AnthropicModelConfig

Bases: BaseModel

Configuration for Anthropic models.

This class defines the configuration settings for Anthropic language models, including model selection and separate rate limiting parameters for input and output tokens.

Attributes:

  • model_name (ANTHROPIC_AVAILABLE_LANGUAGE_MODELS) –

    The name of the Anthropic model to use.

  • rpm (int) –

    Requests per minute limit; must be greater than 0.

  • input_tpm (int) –

    Input tokens per minute limit; must be greater than 0.

  • output_tpm (int) –

    Output tokens per minute limit; must be greater than 0.

Examples:

Configuring an Anthropic model with separate input/output rate limits:

config = AnthropicModelConfig(
    model_name="claude-3-5-haiku-latest",
    rpm=100,
    input_tpm=100,
    output_tpm=100
)

CloudConfig

Bases: BaseModel

Configuration for cloud-based execution.

This class defines settings for running operations in a cloud environment, allowing for scalable and distributed processing of language model operations.

Attributes:

  • size (Optional[CloudExecutorSize]) –

    Size of the cloud executor instance. If None, the default size will be used.

CloudExecutorSize

Bases: str, Enum

Enum defining available cloud executor sizes.

This enum represents the different size options available for cloud-based execution environments.

Attributes:

  • SMALL

    Small instance size.

  • MEDIUM

    Medium instance size.

  • LARGE

    Large instance size.

  • XLARGE

    Extra large instance size.

GoogleGLAModelConfig

Bases: BaseModel

Configuration for Google GenerativeLAnguage (GLA) models.

This class defines the configuration settings for models available in Google Developer AI Studio, including model selection and rate limiting parameters. These models are accessible using a GEMINI_API_KEY environment variable.

GoogleVertexModelConfig

Bases: BaseModel

Configuration for Google Vertex models.

This class defines the configuration settings for models available in Google Vertex AI, including model selection and rate limiting parameters. In order to use these models, you must have a Google Cloud service account, or use the gcloud cli tool to authenticate your local environment.

OpenAIModelConfig

Bases: BaseModel

Configuration for OpenAI models.

This class defines the configuration settings for OpenAI language and embedding models, including model selection and rate limiting parameters.

Attributes:

  • model_name (Union[OPENAI_AVAILABLE_LANGUAGE_MODELS, OPENAI_AVAILABLE_EMBEDDING_MODELS]) –

    The name of the OpenAI model to use.

  • rpm (int) –

    Requests per minute limit; must be greater than 0.

  • tpm (int) –

    Tokens per minute limit; must be greater than 0.

Examples:

Configuring an OpenAI Language model with rate limits:

config = OpenAIModelConfig(model_name="gpt-4.1-nano", rpm=100, tpm=100)

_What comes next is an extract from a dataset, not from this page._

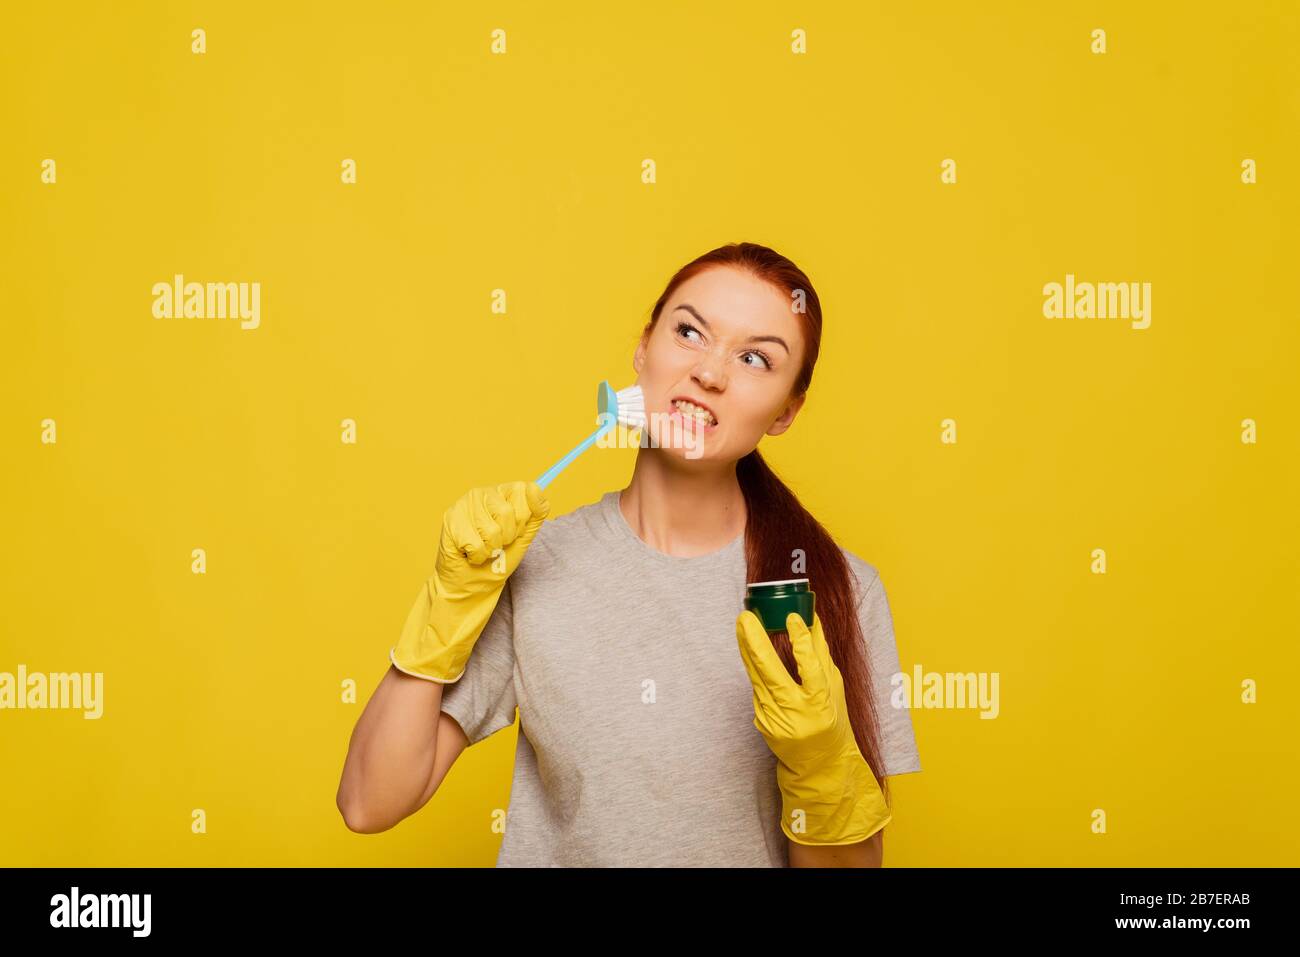 Beauty Face Skin Care. Closeup Young Woman In Yellow Gloves And Cleaning Brush In Hand Exfoliating Skin. Portrait Of Beautiful Healthy Girl With Natural Makeup Scrubbing Facial Skin. Stock Photo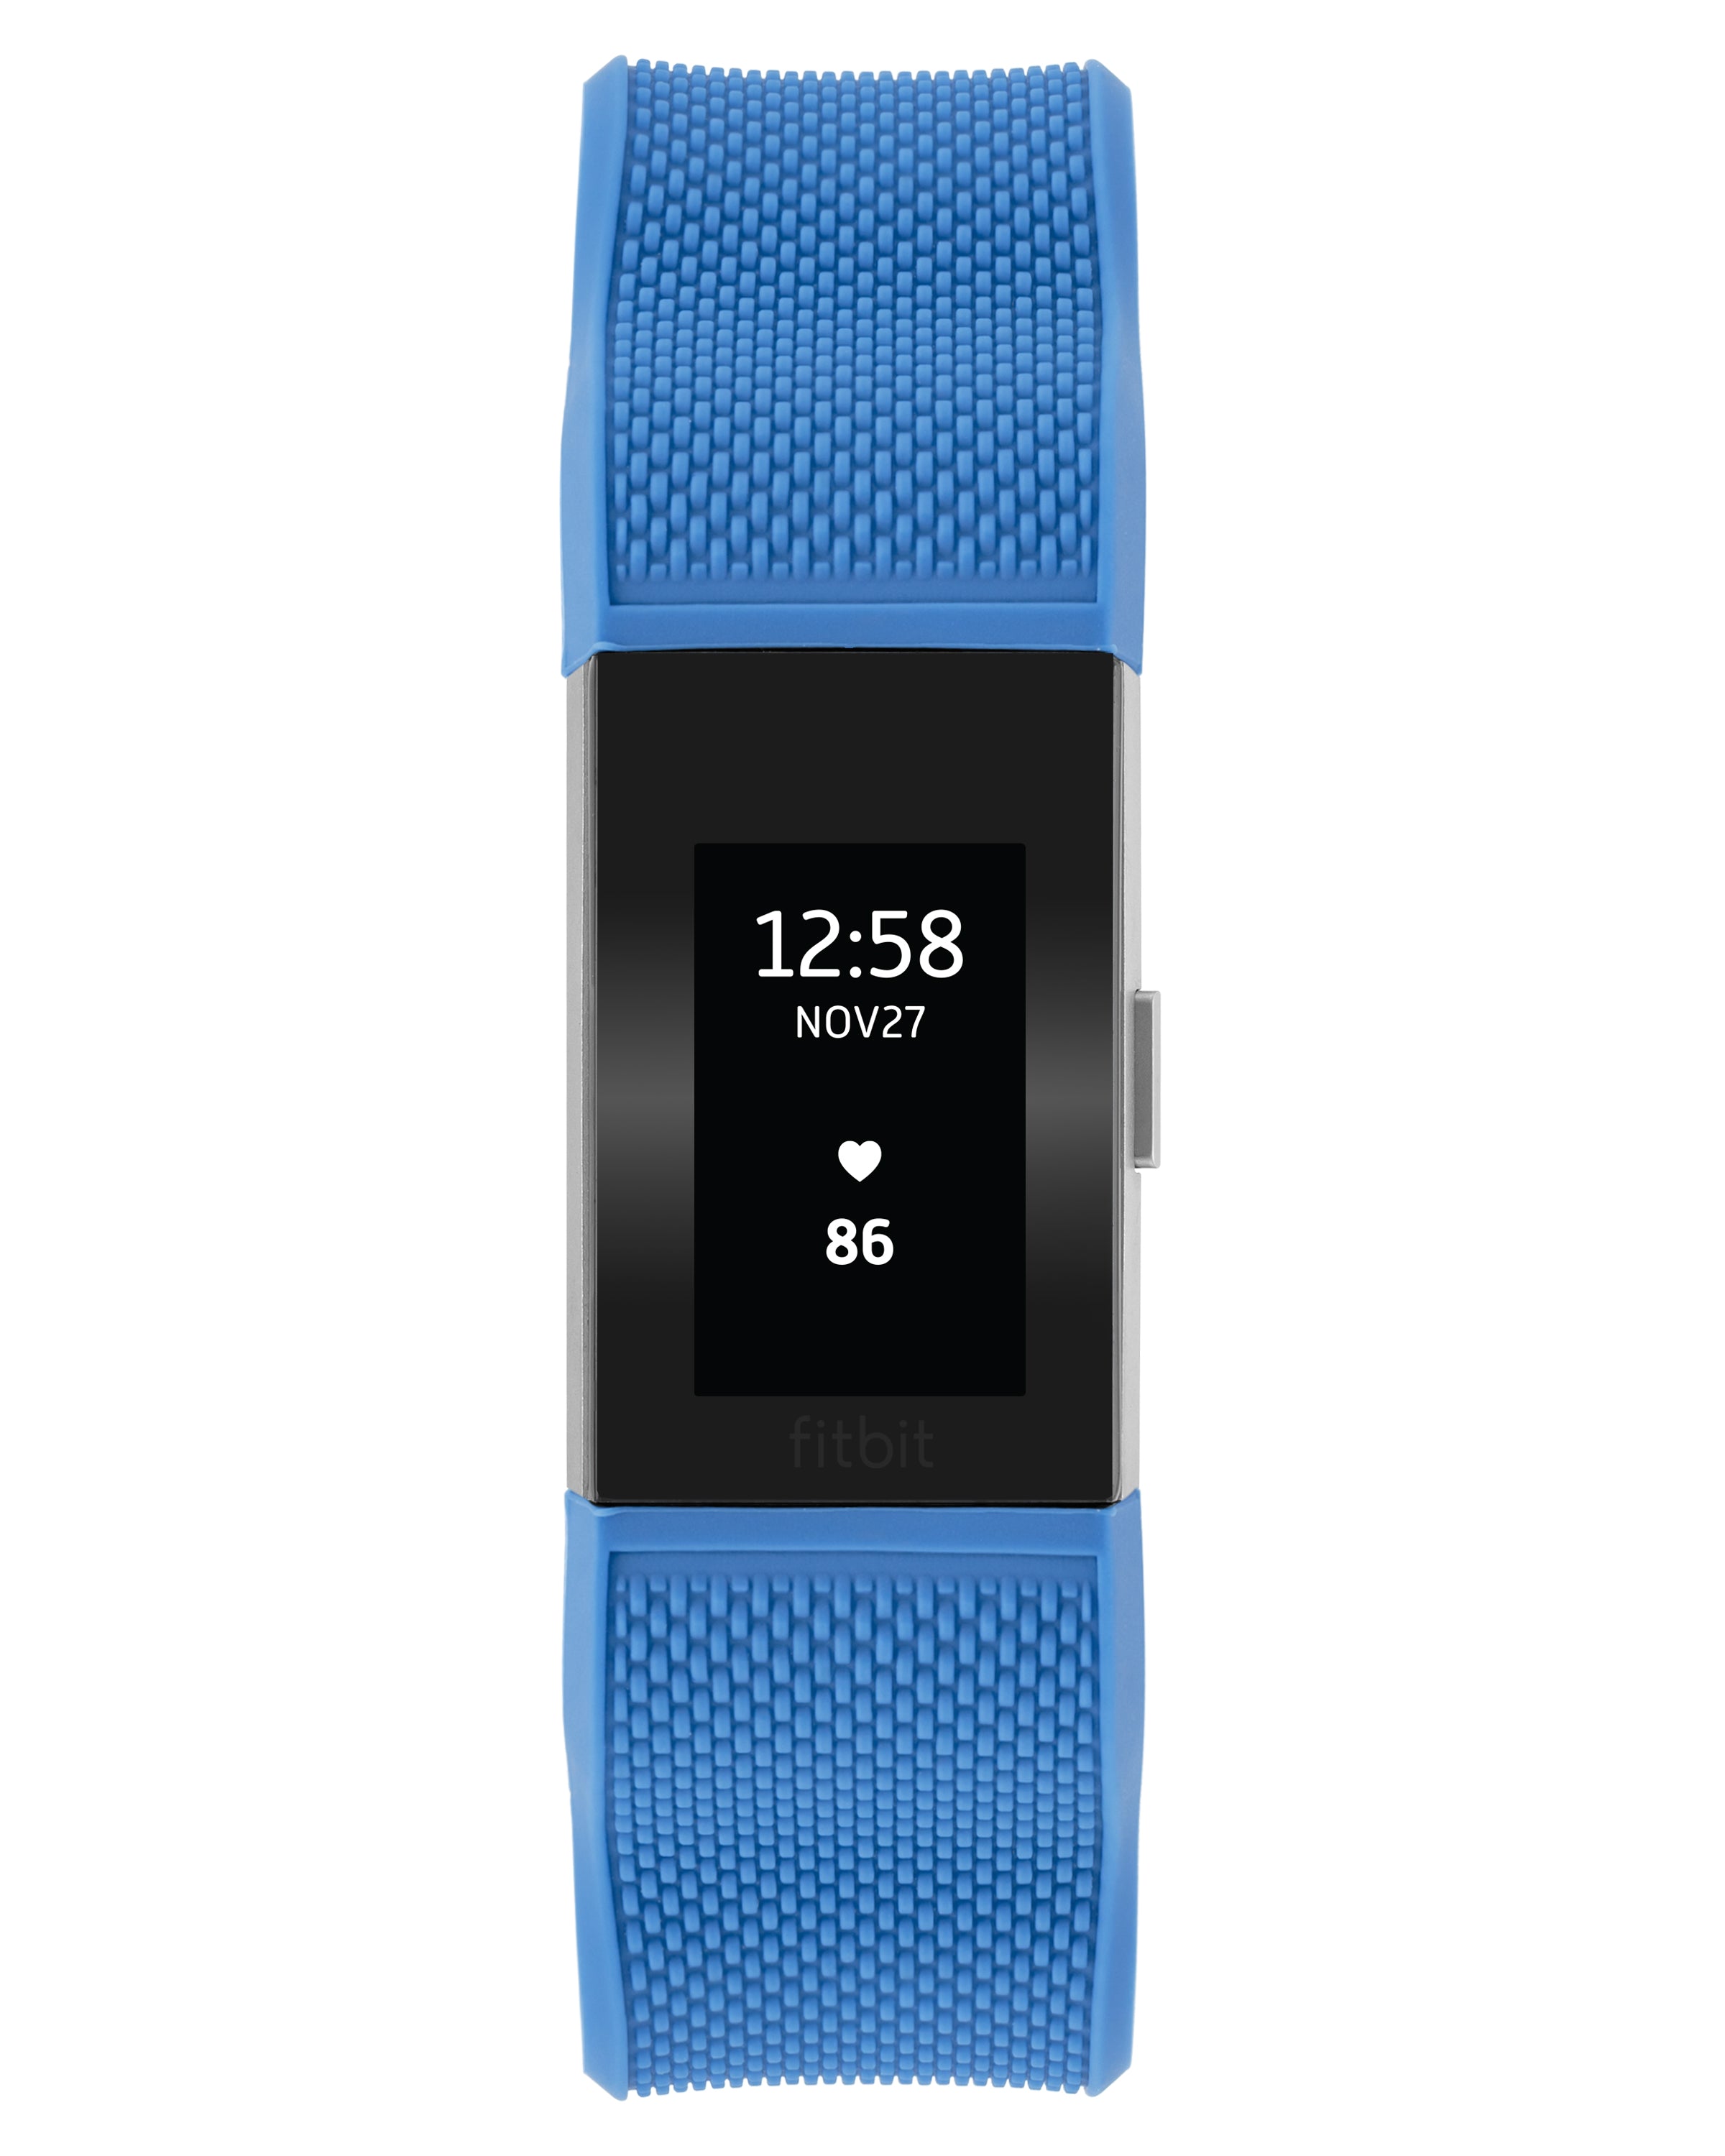 Silicone Woven Band for Fitbit Charge

Configuring an OpenAI Embedding model with rate limits:

config = OpenAIModelConfig(model_name="text-embedding-3-small", rpm=100, tpm=100)

SemanticConfig

Bases: BaseModel

Configuration for semantic language and embedding models.

This class defines the configuration for both language models and optional embedding models used in semantic operations. It ensures that all configured models are valid and supported by their respective providers.

Attributes:

  • language_models (dict[str, ModelConfig]) –

    Mapping of model aliases to language model configurations.

  • default_language_model (Optional[str]) –

    The alias of the default language model to use for semantic operations. Not required if only one language model is configured.

  • embedding_models (Optional[dict[str, ModelConfig]]) –

    Optional mapping of model aliases to embedding model configurations.

  • default_embedding_model (Optional[str]) –

    The alias of the default embedding model to use for semantic operations.

Note

The embedding model is optional and only required for operations that need semantic search or embedding capabilities.

Methods:

model_post_init

model_post_init(__context) -> None

Post initialization hook to set defaults.

This hook runs after the model is initialized and validated. It sets the default language and embedding models if they are not set and there is only one model available.

Source code in src/fenic/api/session/config.py
154
155
156
157
158
159
160
161
162
163
164
165
166
def model_post_init(self, __context) -> None:
    """Post initialization hook to set defaults.

    This hook runs after the model is initialized and validated.
    It sets the default language and embedding models if they are not set
    and there is only one model available.
    """
    # Set default language model if not set and only one model exists
    if self.default_language_model is None and len(self.language_models) == 1:
        self.default_language_model = list(self.language_models.keys())[0]
    # Set default embedding model if not set and only one model exists
    if self.embedding_models is not None and self.default_embedding_model is None and len(self.embedding_models) == 1:
        self.default_embedding_model = list(self.embedding_models.keys())[0]

validate_models

validate_models() -> SemanticConfig

Validates that the selected models are supported by the system.

This validator checks that both the language model and embedding model (if provided) are valid and supported by their respective providers.

Returns:

Raises:

Source code in src/fenic/api/session/config.py
168
169
170
171
172
173
174
175
176
177
178
179
180
181
182
183
184
185
186
187
188
189
190
191
192
193
194
195
196
197
198
199
200
201
202
203
204
205
206
207
208
209
210
211
212
213
214
215
216
217
218
219
220
221
222
223
224
225
226
227
228
229
230
231
232
233
234
235
236
237
238
@model_validator(mode="after")
def validate_models(self) -> SemanticConfig:
    """Validates that the selected models are supported by the system.

    This validator checks that both the language model and embedding model (if provided)
    are valid and supported by their respective providers.

    Returns:
        The validated SemanticConfig instance.

    Raises:
        ConfigurationError: If any of the models are not supported.
    """
    if len(self.language_models) == 0:
        raise ConfigurationError("You must specify at least one language model configuration.")
    available_language_model_aliases = list(self.language_models.keys())
    if self.default_language_model is None and len(self.language_models) > 1:
        raise ConfigurationError(f"default_language_model is not set, and multiple language models are configured. Please specify one of: {available_language_model_aliases} as a default_language_model.")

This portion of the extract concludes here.